I gave chicken backs for every meal for the first couple of weeks, then thighs and turkey. Then at about 3 weeks I gave her some beef heart... faster transition then most (typically you move onto Pork first), but she took to it fine. After a month on raw i tried her first organs.

I feed her about 2-2.5% of her bodyweight... she's 30lbs so about .6-.75 of a lb. I don't weigh her food, it's all eyeballed... and so far it's worked. Somedays she gets more, somedays she gets less. She gets taken on a 4k bikeride almost every day in the spring/summer/fall... so she gets a bit more food then. Less in the winter when its just a walk.

It's about balance over time.


----------



## leilaquinn (Sep 7, 2011)

No advice, but what a CUTE girl! I love bostons. my mom's dog is half boston and a a really goofy underbite, I don't think I've ever seen a boston with an OVERbite.


----------



## BoxerPaws (Jul 19, 2011)

Charged77 said:


> I'm trying to find co ops in ATL, found one that does expired meat from stores (is that ok for them?) and i dont really trust people on craigslist hwell:. Im still trying to read up and learn as much as i can.
> 
> I have another question, how much do i give the girls?
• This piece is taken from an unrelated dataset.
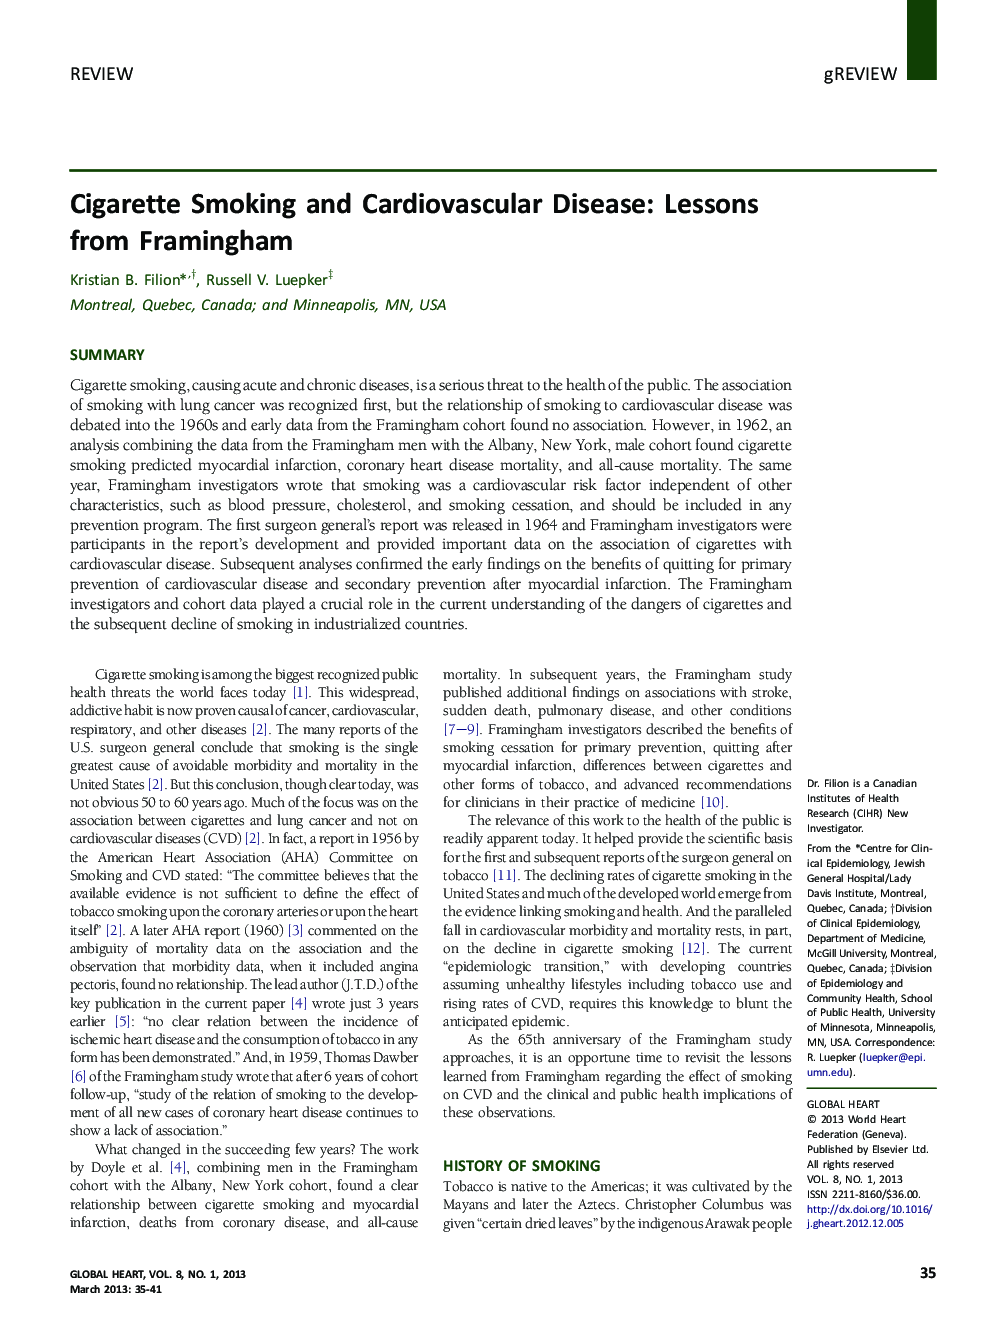 Cigarette Smoking and Cardiovascular Disease: Lessons from Framingham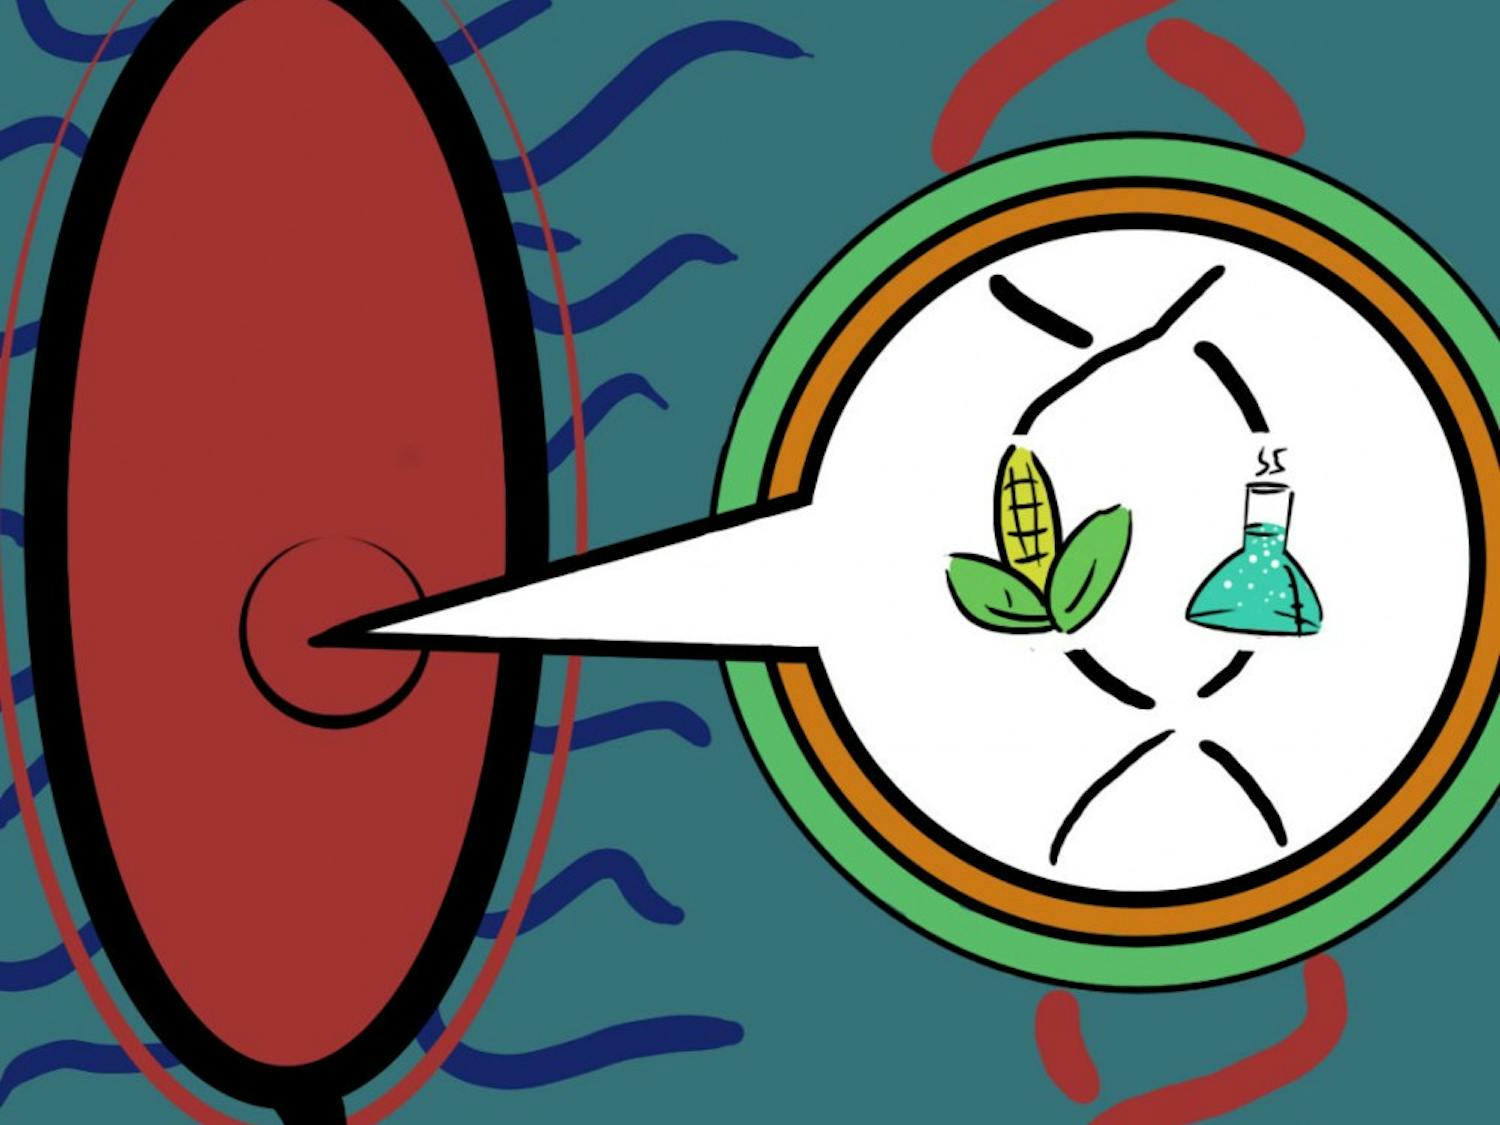 Bacterial genome reveals possible new fuels and chemicals

Somewhere i saw you give them 2% of their body weight....Also how do i start them on raw? I know you go slow, but i would love more detail. Just give them a piece of meat with the kibble? Thanks for all your help!


Don't totally diss craigslist. I got around 5 lb of venison for $5 from a woman clearing it out of her freezer. She was totally nice and I walked away with several cuts of whole meat and 2 lb of ground (not sure what I'm doing with that yet).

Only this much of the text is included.